Autora mineira leva prêmio



CARLOS ANDREI SIQUARA
Publicado no Jornal OTEMPO em 26/01/2013

Lançado em 2011, "Da Arte das Armadilhas" (Companhia das Letras), segundo livro da escritora Ana Martins Marques, 35, foi confirmado ontem como o vencedor do prêmio Alphonsus de Guimaraens, concedido pela Fundação Biblioteca Nacional (FBN), no ano passado, na categoria poesia.
O novo resultado, que deverá ser publicado no Diário Oficial, na segunda-feira (28/1), anula a decisão anterior que havia laureado a robusta antologia "Poesia (1930-62)", de Carlos Drummond de Andrade, organizada por Júlio Castañon Guimarães e publicada pela editora Cosac Naify.

A mudança, declarada após reunião dos jurados do prêmio, a qual ocorreu anteontem, vem na esteira de uma onda de duras críticas.

Uma delas veio a ser conhecida por meio do posicionamento da diretoria da União Brasileira de Escritores (UBE), via ofício que solicitava ao presidente da FBN, Galeno Amorim Júnior, uma reavaliação do concurso.
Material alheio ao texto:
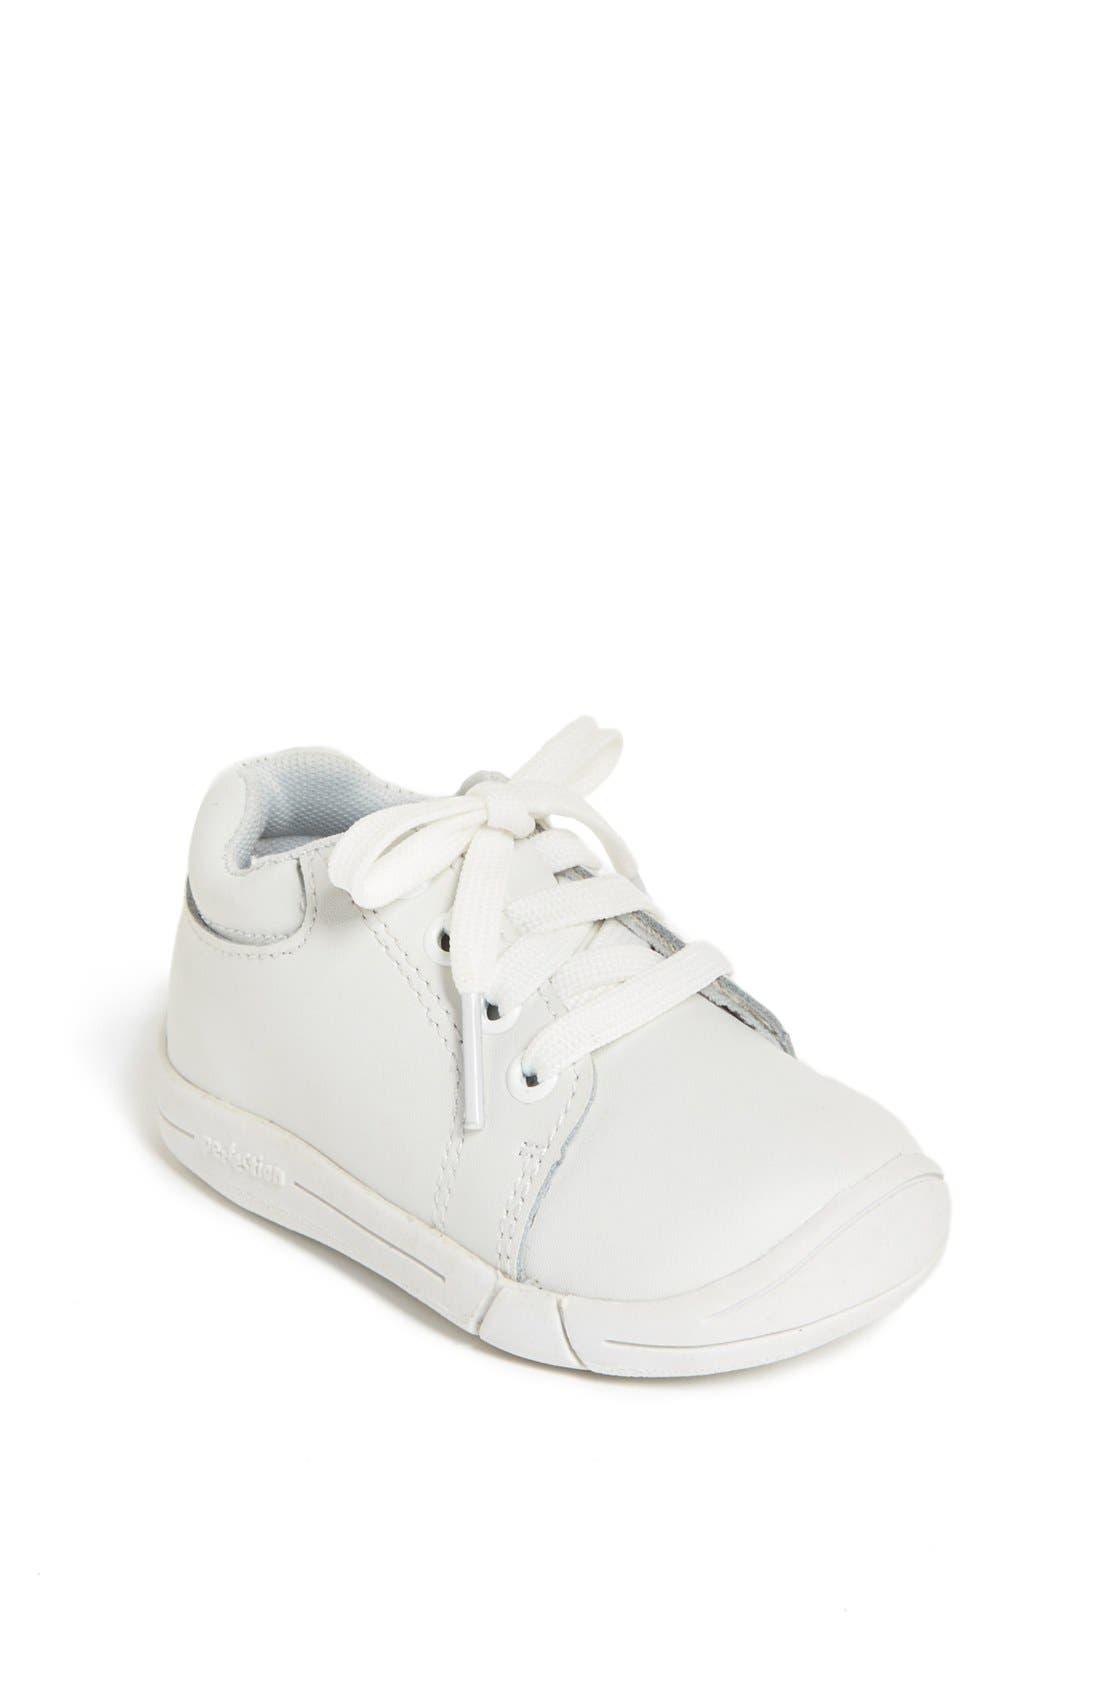 Main Image - Jumping Jacks 'Perfection' Sneaker (Baby, Walker & Toddler)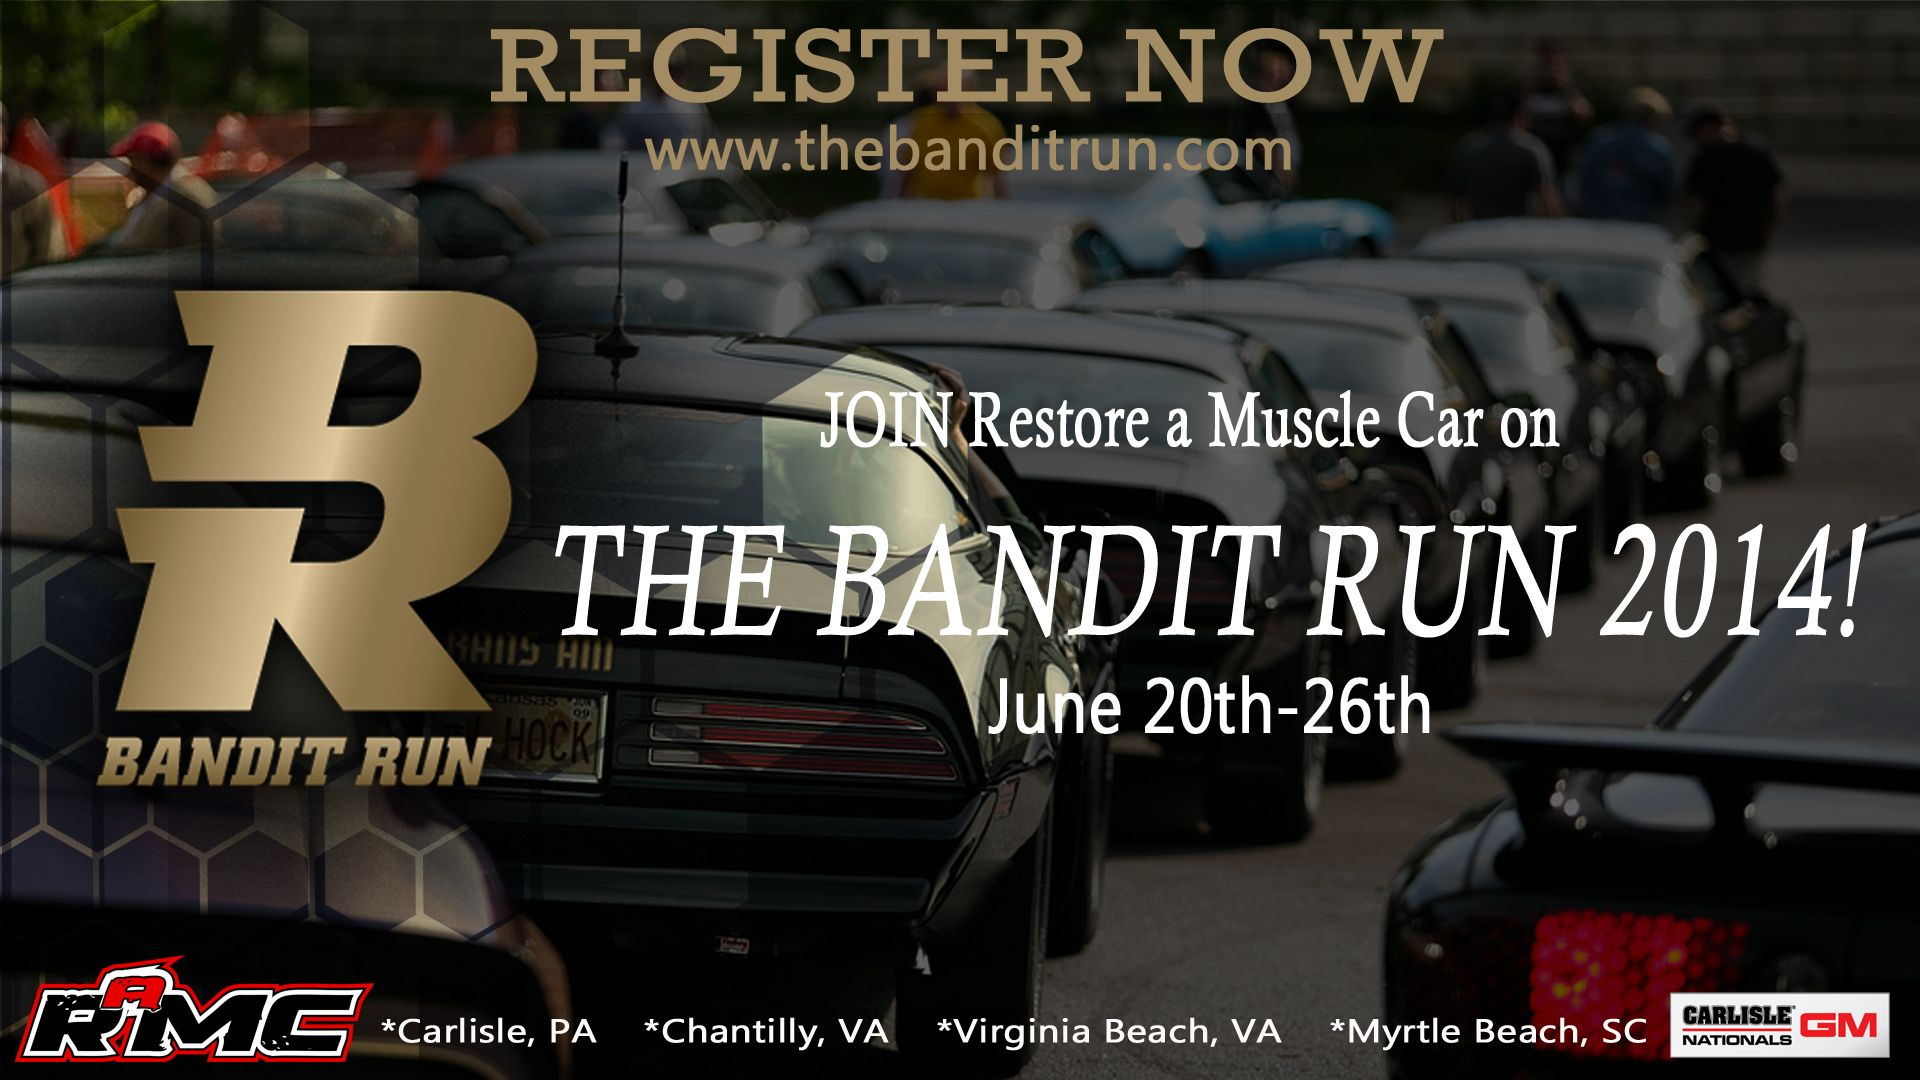 REGISTER NOW! The Bandit Run 2014!

Além desse pedido formal, circulou também pela internet uma petição pública, exigindo a anulação do prêmio Alphonsus de Guimaraens, seguido da realização de um novo procedimento.

As queixas se baseavam nos próprios critérios de seleção do edital do programa que deixa claro ser apenas possível disputar o prêmio livros inscritos pelos autores ou pelas editoras, "mediante autorização por escrito deste, que deverá ser anexada à ficha de inscrição", defende o documento.

A partir disso, foi argumentado que o escritor Carlos Drummond de Andrade não poderia disputar o concurso, uma vez que ele faleceu em agosto de 1987, há 25 anos. Segundo a nova vencedora, a notícia chegou até ela pela própria imprensa. "Fiquei sabendo da premiação através de uma jornalista e recebi a notícia com muita alegria", conta Ana Martins Marques. Em relação a atitude da
Fundação Biblioteca Nacional de rever o resultado, ela avalia como "muito acertada".

"Por mais méritos que tenha a publicação de uma edição crítica de Drummond - e a edição organizada pelo Júlio Castañon Guimarães é um trabalho de fôlego, que merece todo reconhecimento -, o propósito claramente é premiar o autor, e não o organizador ou o editor. Havia muitos livros interessantes na disputa, e o sentido de um prêmio como esse, me parece, é sobretudo dar visibilidade à produção contemporânea", conclui Marques.

Embora até o fechamento desta edição, a poeta ainda não havia sido comunicada oficialmente pela FBN, a assessoria de imprensa da instituição garantiu que esta decisão é definitiva. De acordo com o departamento, até a próxima segunda-feira, uma nota explicativa também deverá ser publicada no site da Biblioteca Nacional.

Aclamada como um dos nomes expoentes da literatura brasileira, Ana Martins Marques acrescenta que não tem previsão de quando irá lançar um outro título, apesar de ter publicado alguns novos poemas em jornais e revistas. "Ainda não tenho planos para um novo livro. No momento estou às voltas com o doutorado, e não tenho me dedicado muito à poesia. As pessoas em geral acham que escritores são pessoas que têm facilidade para escrever, mas talvez seja justamente o contrário. Não tenho pressa para publicar novamente", diz Marques.